English    Türkçe    فارسی   

5
1207-1231

  • Gönlü perişan aşığın gönlünde hasetler baş gösterir. Var olan, yoku bu çeşit güçlüklere sokar, böyle mecbur eder.
  • Herkesten ziyade merhametli, esirgeyici olan şu kadınlar yok mu? Öyle olduğu halde iki ortak hasetten birbirini yer.
  • Taş yürekli erkekleri düşün, artık haset yüzünden onlar da ne hale düşerler, bir kıyas et.
  • Şeriat, latif afsun okumasaydı herkes, düşmanının bedenini yırtar, paramparça ederdi. 1210
  • Şeriat şerri def etmek için bir rey kullanır, Şeytanı delil şişesi içine hapseder.
  • Boşboğaz Şeytanı, tanıkla, yeminle, aht’e yemininden dönmesinden ilzam ederde Şeytan bu suretle şişeye girer.
  • Şeriat iki zıttı hoşnut eden bir teraziye benzer. Alayla doğruyu bir araya getirir.
  • Şeriat, bil ki kileye teraziye benzer. Onun sebebi ile iki düşman da savaştan kinden kurtulur.
  • Terazi olmasa o düşman, ziyan ettiğini, hileye uğradığını vehim etmeden nasıl kurtulurdu? 1215
  • Şu halde şu vefasız pis dünyada ne varsa hep hasettir, hep düşmandır, hep cefadır.
  • Dünya böyle olunca artık devlet ve ikbale erişme hususunda cinler ve insanlar, nasıl hasede düşerler, düşün!
  • Zaten o şeytanlar, eski hasetçilerdir.
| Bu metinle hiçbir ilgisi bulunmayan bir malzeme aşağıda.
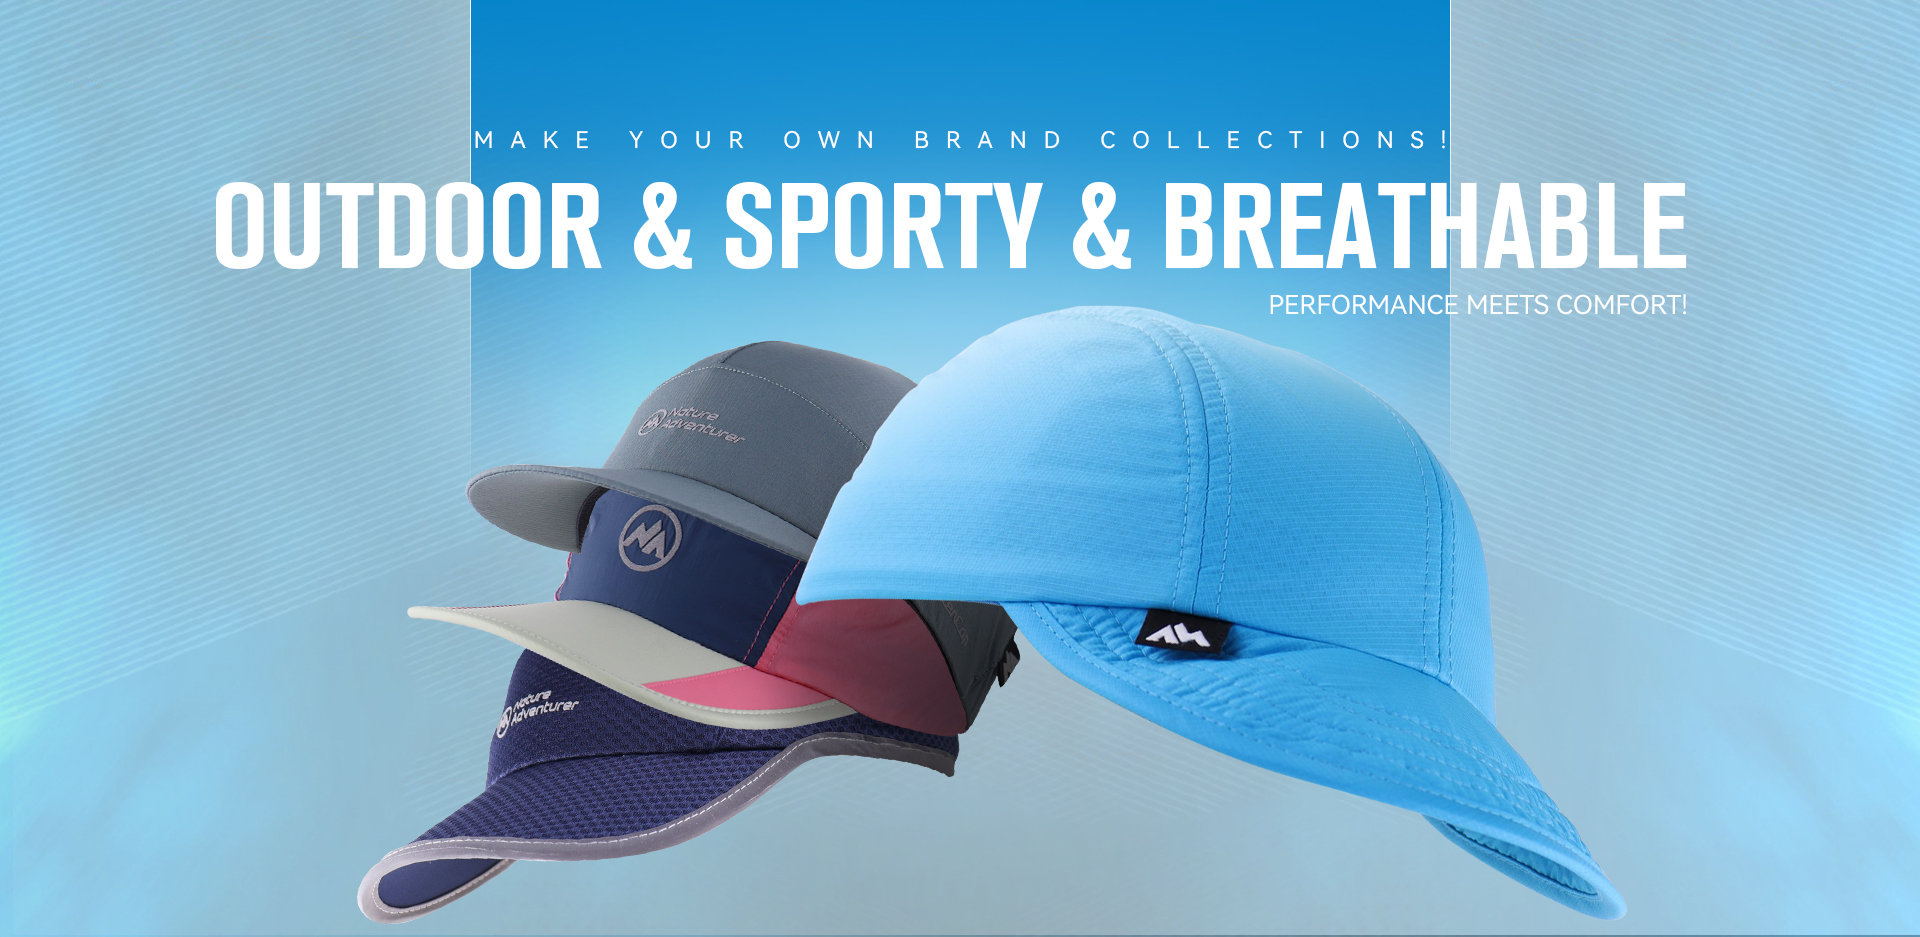 OUTDOOR & SPORTY & BREATHABLE

Bir an bile yol kesmeden vazgeçmezler.
  • İsyan tohumunu eken Ademoğulluları da haset yüzünden şeytan olmuşlardır.
  • Kuran’ı oku da bak. İnsan şeytanları da, Tanrı’nın çarpmasıyla Şeytan cinsinden olmuşlardır. 1220
  • Şeytan birisini kandırma da aciz oldu mu bu çeşit insanlardan yardım ister.
  • Siz dostsunuz, bize dostlukta bulunan, bizdensiniz, bizim tarafımızı tutun derler.
  • Alemde birisinin yolunu kestiler, birini azdırıp yoldan çıkardılar mı iki cinsten olan şeytanlar da sevinirler.
  • Birisi imanla can verdi, dinde mertebesi yüceldi mi iki bölük de feryada, ağlayıp bağırmaya koyulur.
  • Bir edep sahibi birisine akıl verdi, onu doğru yola getirdi mi iki bölük de dişlerini çiğnemeye hayıflanmaya başlarlar. 1225
  • Padişahın, peygamberlik davasına kalkışan kişiye “Doğru peygamber olan, adama ne bağışlar, yahut kendisiyle görüşen ve ona hizmet eden kişiler, dille verilen öğütten başka ondan ne ihsan elde ederler?” diye sorması
  • Padişah söyle bakalım bari, vahiy nedir, yahut da peygamber olan, ne elde eder? Diye sordu.
  • Adam dedi ki: Ne vardır ki peygamber, onu elde etmesin, yahut ne devlet kalmıştır ki peygamber ona ulaşmış bulunmasın?
  • Tutalım ki bu peygambere gelen vahiy, Tanrı sırlarının hazinesi değil, bal arısının gönlüne gelen vahiyden de aşağı değil ya.
  • “Tanrı bal arısına vahiy etti” ayetine gelince onun vahiy evi tatlılarla doldu.
  • O yüce ve ulu Tanrı’nın vahiy nuru ile alemi mum ve balla doldurdu. 1230
  • Bense insanım, hakkımda “Biz onu ululadık” dendi. İnsan yücelere gitmede. Artık insana olan vahiy nasıl olur da arıya gelen vahiyden aşağı olur?